Germany itself was teetering toward disorder when Henry III died in 1056 at age thirty-eight. Henry IV was not quite six when his father died and his mother Agnes assumed the regency. Also an enthusiast for church reform, she failed to quell unruly nobles and zealous bishops who seized on the royal minority as their chance to reduce imperial authority. In a particularly catastrophic error, Agnes allowed strategically important German lands to slip from royal control into the hands of potentially unfriendly dukes. And while secular lords warred endlessly over their various interests, the church was developing greater internal order, sharpening the religious sword while the secular blade grew blunt.

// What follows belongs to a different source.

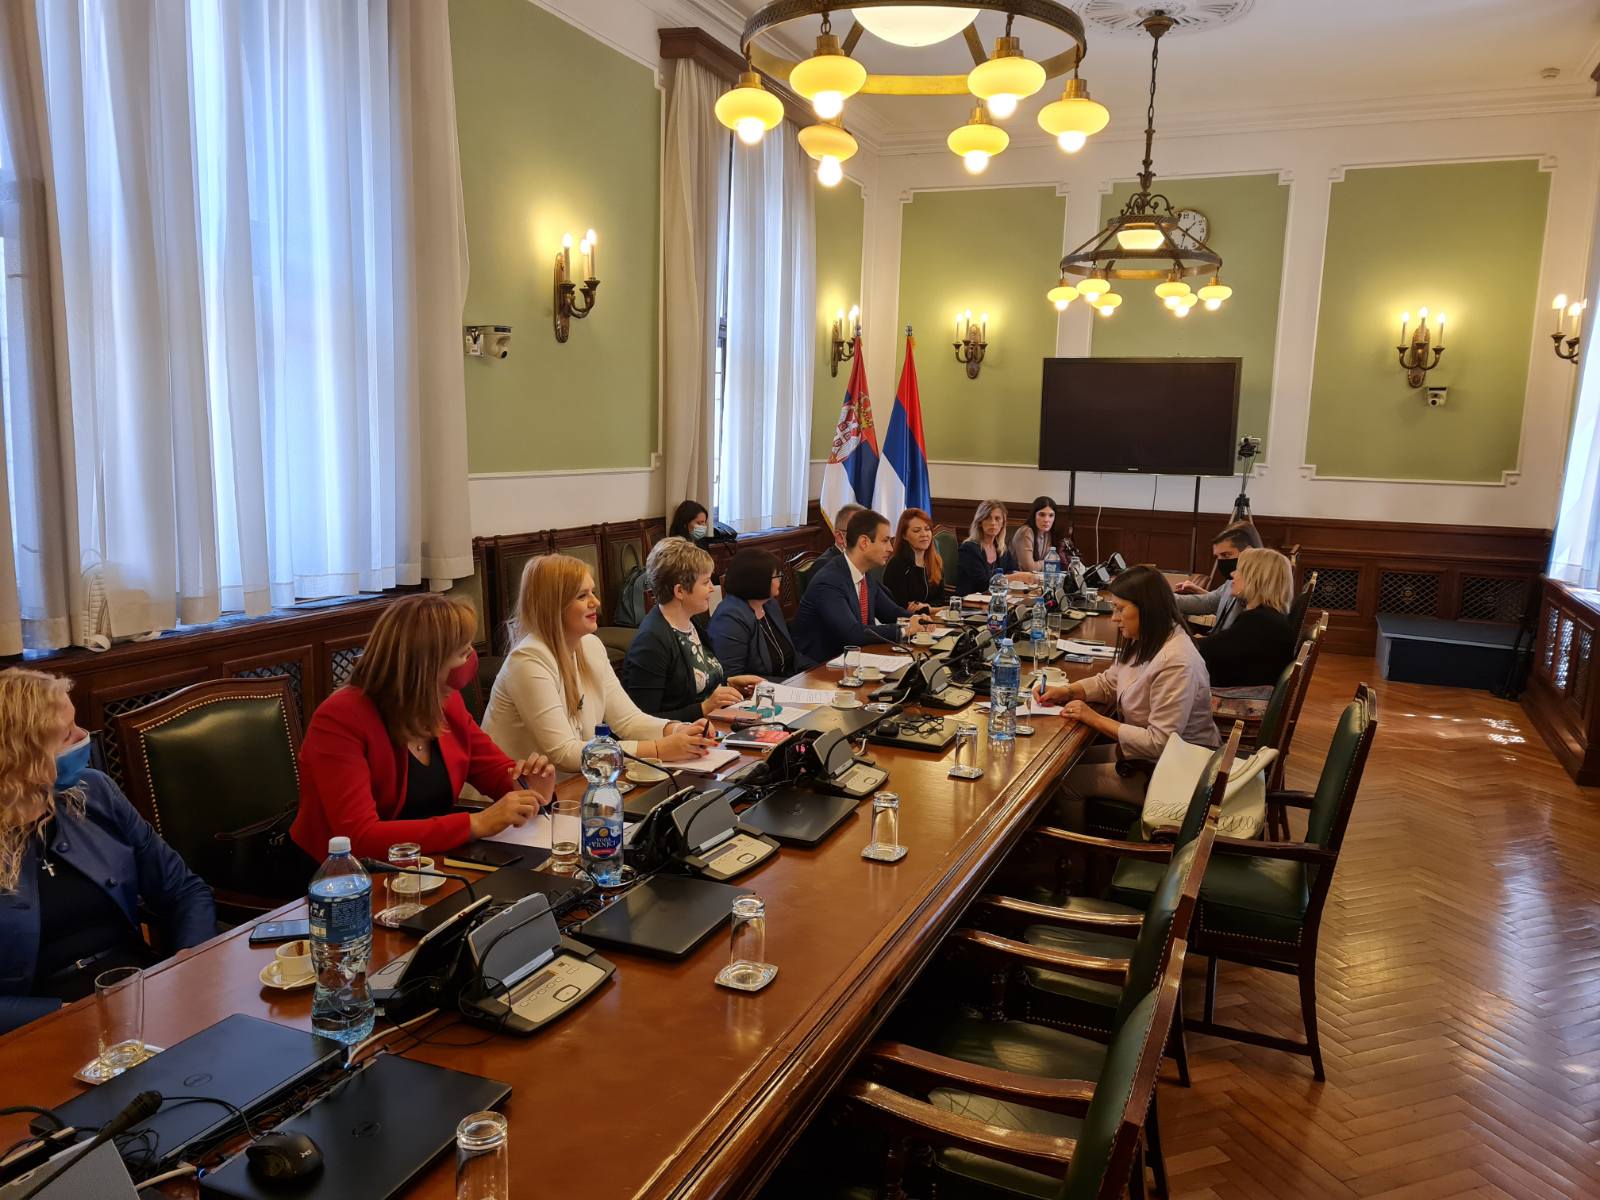 Serbia ready to open taxation chapter

Soon, a challenge was being boldly articulated. Why should emperors and kings–habitually violent, often uneducated, and rarely even faithful to their wives, let alone celibate–have the right to appoint bishops, whose sacred role was central to the well-being of the church? Hadn’t the venerable church fathers explained that the primary interest of worldly rulers was worldly, not heavenly?7 Didn’t the Bible clearly state that the leadership of the church, and responsibility for its welfare, lay with the apostle Peter, whose successor was the pope in Rome?

These contentions led to action. Popes Stephen IX and Nicholas II assumed office with no reference to the emperor. Then in 1059, Nicholas II convened a synod at the Lateran Palace that revolutionized the papal election process. Future popes must henceforth be elected solely by the cardinals,8 with strong preference for a Roman candidate. The role of royalty in papal selection was reduced to a vague right to be consulted–after the fact. The Nicholas formula, with modest modifications, became permanent and survives to this day.9 The same synod, attended by one hundred thirteen bishops, specifically forbade investiture of any church officials by secular rulers.

That last provision was incendiary. The German monarchy, dependent for its very survival on its prince-bishops and abbots, could scarcely accept any prohibition against investiture by laymen. In retaliation, the empress Agnes sought to oust Nicholas by backing the election of a rival pontiff, but her plan failed for lack of military support. Who, after all, wanted to take on the Normans? The Germans regarded the upstarts’ principalities in Italy as illegitimate and dangerous, but what could they do about them?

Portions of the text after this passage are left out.